Incident on 2025-03-18 - AWS EKS Upgrade to 1.30 Desheduler kill pods on Cordon Nodes

Key events
- First detected 22025-03-18 09:36
- Incident declared 2025-03-18 10:03
- Repaired 2025-03-18 10:40
- Resolved 2025-03-20 12:09
Time to repair: 1h 37m
Time to resolve: 2d 1h 29m
Identified:
- Via automated infrastructure alerts and users reported outages on production services
Impact:
- User workloads were disrupted, causing outages on production services.
Context:
- 2025-03-18 09:36: Users reported that their pods were getting terminated and not automatically restarting in both production and non-production environments.
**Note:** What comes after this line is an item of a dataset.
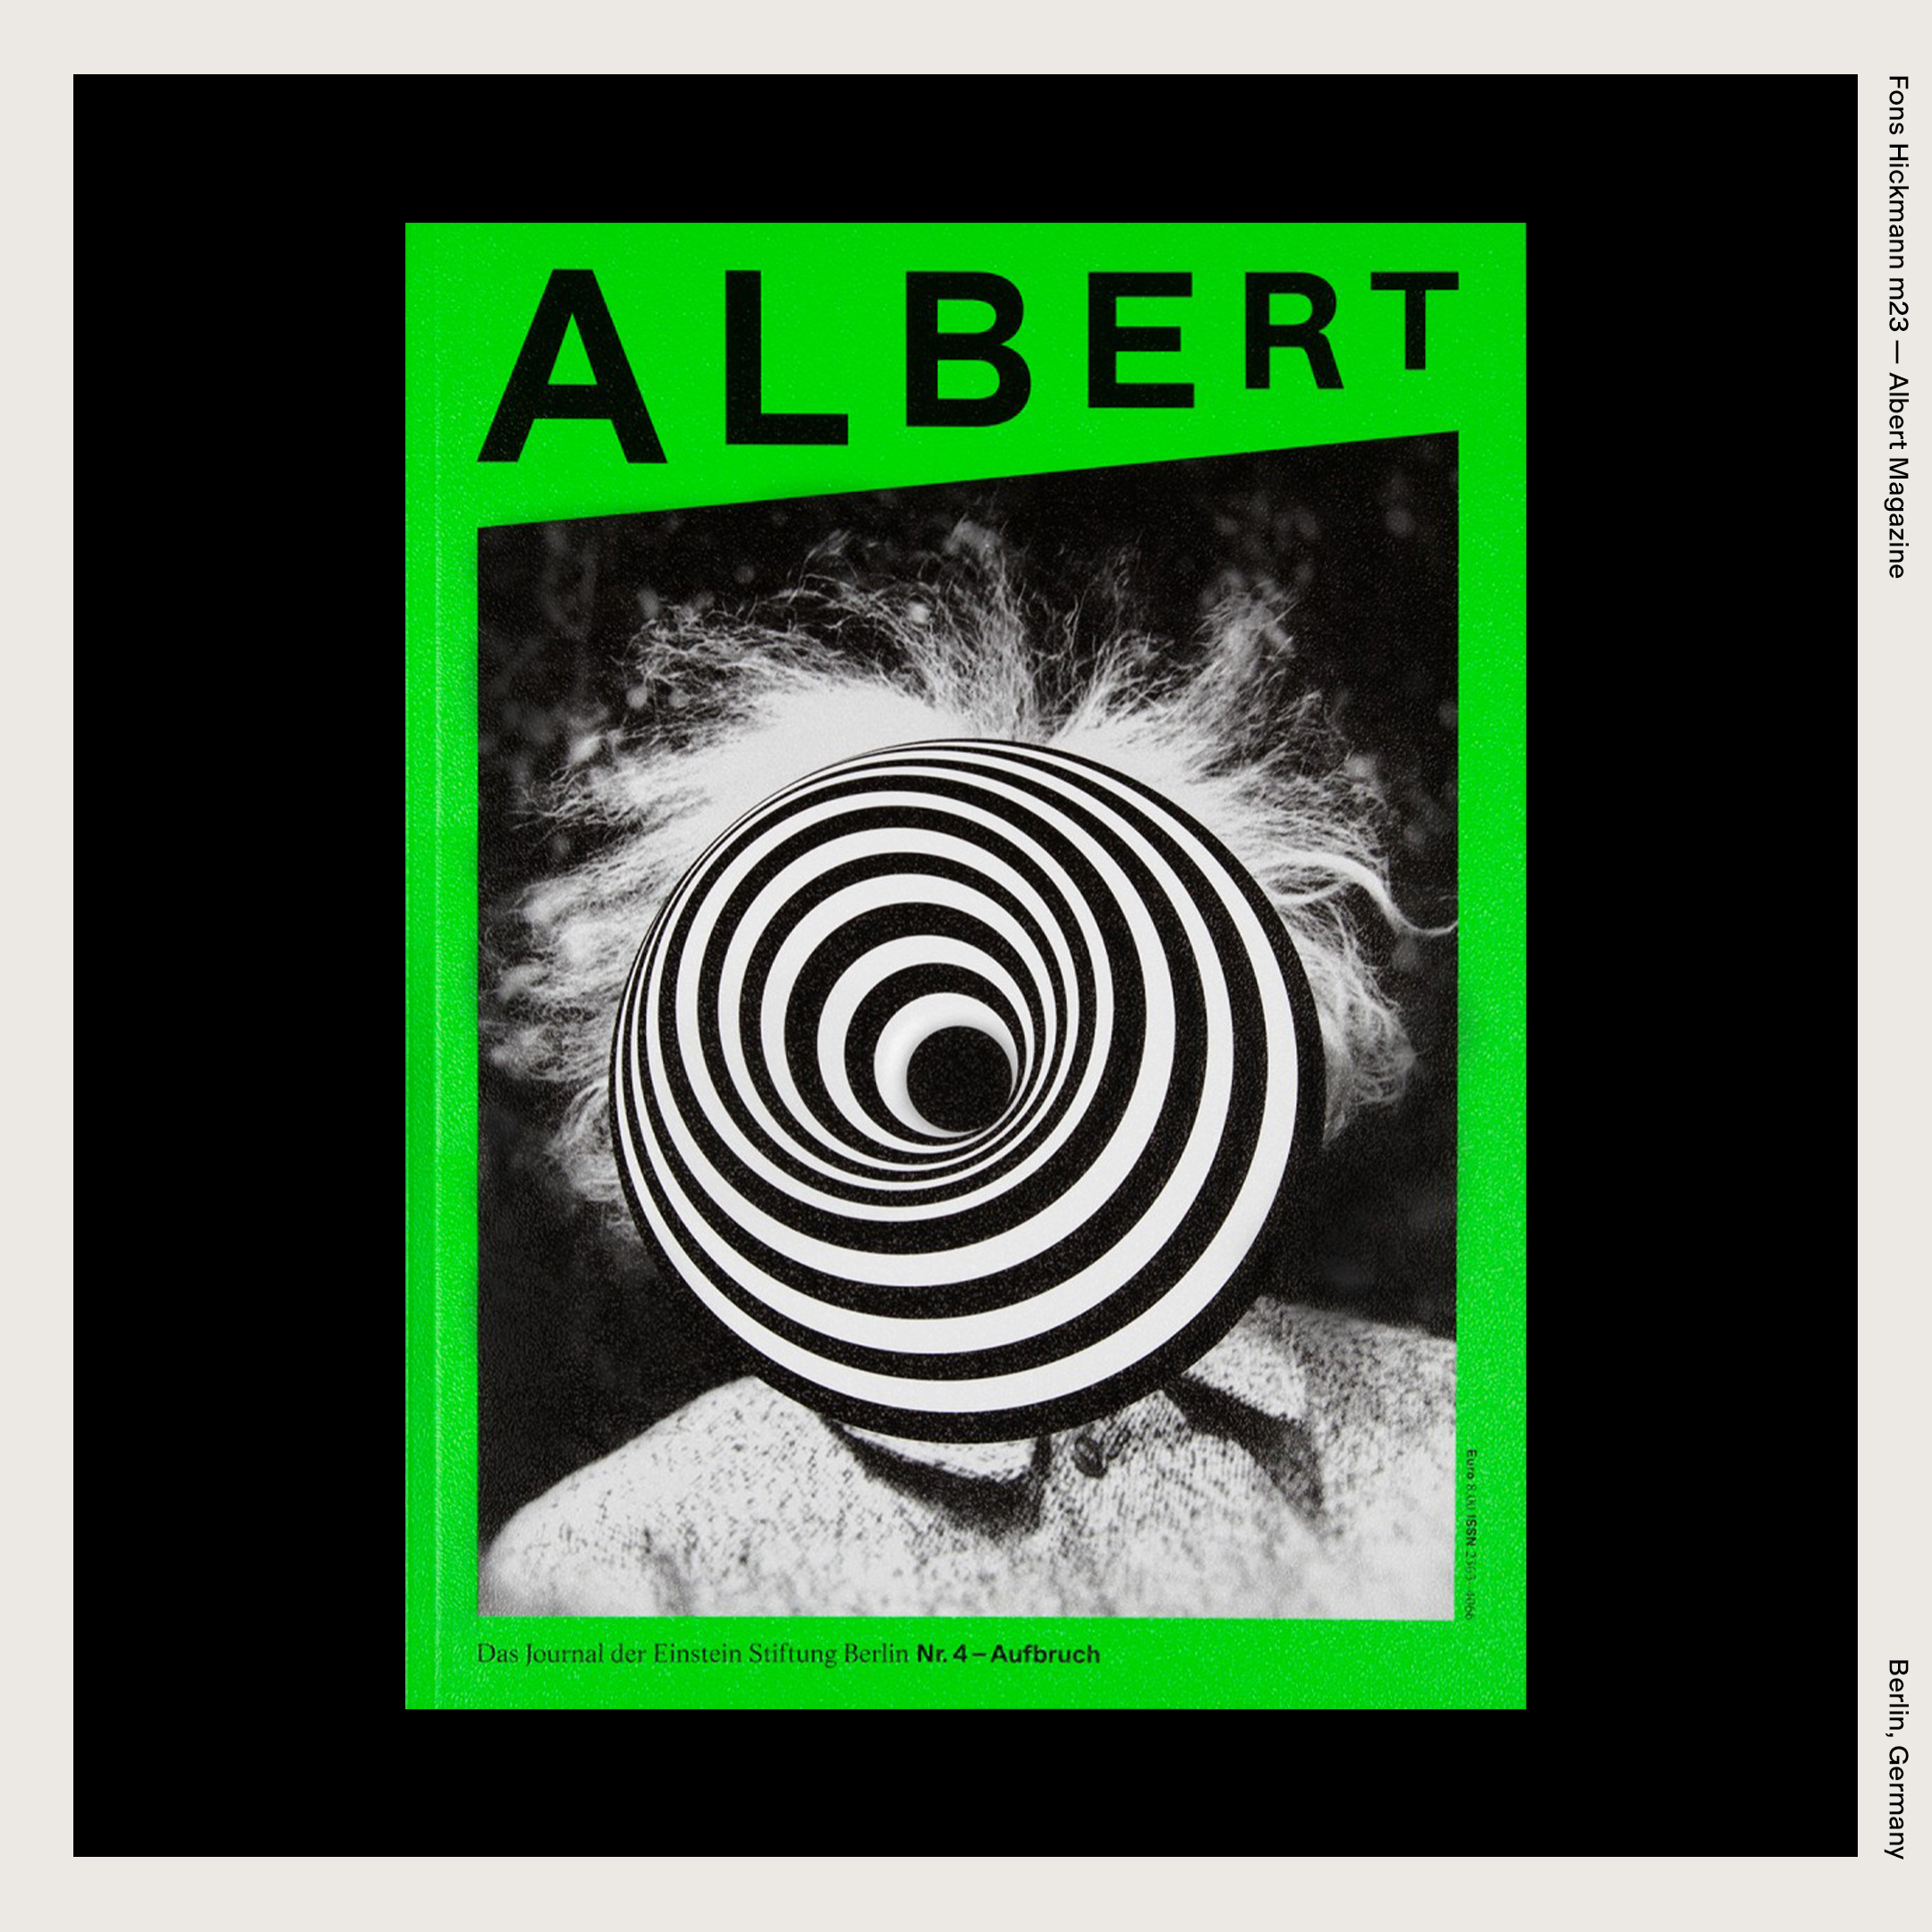 Fons Hickmann m23 — Albert Magazine

- 2025-03-18 09:50: Cloud Platform team began investigating the root cause.
- 2025-03-18 10:03: Cloud Platform team declared this as an incident.
- 2025-03-18 10:15: Initial mitigation efforts began:
- Removed the cordon annotation to allow pods to be rescheduled.
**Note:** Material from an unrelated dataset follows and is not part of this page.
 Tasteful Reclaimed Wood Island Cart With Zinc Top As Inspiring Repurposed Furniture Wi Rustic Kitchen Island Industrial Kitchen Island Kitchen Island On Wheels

- Deleted some stuck 1.30 version nodes to force recreation.
- 2025-03-18 10:40: Pods began recovering, and services were operational.
- 2025-03-18 11:13: Raised AWS Production system down Support Ticket (Case ID: 174229643100496).
- 2025-03-18 11:34: A new node group with 20 nodes running version 1.30 was added to the live cluster to stabilize workloads and ensure redundancy.
- 2025-03-18 11:50: Began cordoning all the old 1.29 nodes to facilitate a smoother upgrade transition and ensure workload stability.
- 2025-03-18 12:10: Began draining the old 1.29 nodes to gracefully migrate workloads to the new 1.30 nodes.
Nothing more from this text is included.